◆ TASK REQUIREMENTS
Only one stretch of the listing below is wanted. Give it again exactly, from the line with "adidas AvaFlash BEYAZ Kadın Tenis Ayakkabısı" through the line with "List of WDRA".

◆ RAW DATA
.....
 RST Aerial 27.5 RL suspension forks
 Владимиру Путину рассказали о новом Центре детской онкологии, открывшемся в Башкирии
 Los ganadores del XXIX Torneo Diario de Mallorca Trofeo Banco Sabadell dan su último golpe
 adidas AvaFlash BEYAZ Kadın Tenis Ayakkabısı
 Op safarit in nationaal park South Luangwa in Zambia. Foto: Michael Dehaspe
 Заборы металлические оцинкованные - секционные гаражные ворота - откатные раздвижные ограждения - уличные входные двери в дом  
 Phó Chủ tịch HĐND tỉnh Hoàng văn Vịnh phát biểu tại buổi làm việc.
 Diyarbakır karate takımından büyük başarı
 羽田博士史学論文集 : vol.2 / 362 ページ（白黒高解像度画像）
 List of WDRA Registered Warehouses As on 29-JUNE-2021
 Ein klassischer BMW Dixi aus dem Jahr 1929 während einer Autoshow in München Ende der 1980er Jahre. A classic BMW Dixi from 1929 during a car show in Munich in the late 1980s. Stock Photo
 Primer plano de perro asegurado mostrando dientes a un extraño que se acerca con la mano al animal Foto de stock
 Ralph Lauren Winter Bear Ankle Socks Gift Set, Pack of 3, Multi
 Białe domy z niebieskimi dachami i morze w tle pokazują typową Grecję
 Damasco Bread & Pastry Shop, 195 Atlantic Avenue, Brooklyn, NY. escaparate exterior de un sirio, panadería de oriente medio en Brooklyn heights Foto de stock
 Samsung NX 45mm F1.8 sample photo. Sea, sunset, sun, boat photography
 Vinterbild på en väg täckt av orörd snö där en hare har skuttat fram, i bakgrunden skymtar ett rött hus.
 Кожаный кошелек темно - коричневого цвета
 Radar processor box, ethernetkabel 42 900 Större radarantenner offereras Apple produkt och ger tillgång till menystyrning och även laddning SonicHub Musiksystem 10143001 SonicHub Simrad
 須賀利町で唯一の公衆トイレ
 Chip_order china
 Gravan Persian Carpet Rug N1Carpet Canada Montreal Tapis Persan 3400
.....
◆ OUTPUT OF THE EXERCISE
 adidas AvaFlash BEYAZ Kadın Tenis Ayakkabısı
 Op safarit in nationaal park South Luangwa in Zambia. Foto: Michael Dehaspe
 Заборы металлические оцинкованные - секционные гаражные ворота - откатные раздвижные ограждения - уличные входные двери в дом  
 Phó Chủ tịch HĐND tỉnh Hoàng văn Vịnh phát biểu tại buổi làm việc.
 Diyarbakır karate takımından büyük başarı
 羽田博士史学論文集 : vol.2 / 362 ページ（白黒高解像度画像）
 List of WDRA Registered Warehouses As on 29-JUNE-2021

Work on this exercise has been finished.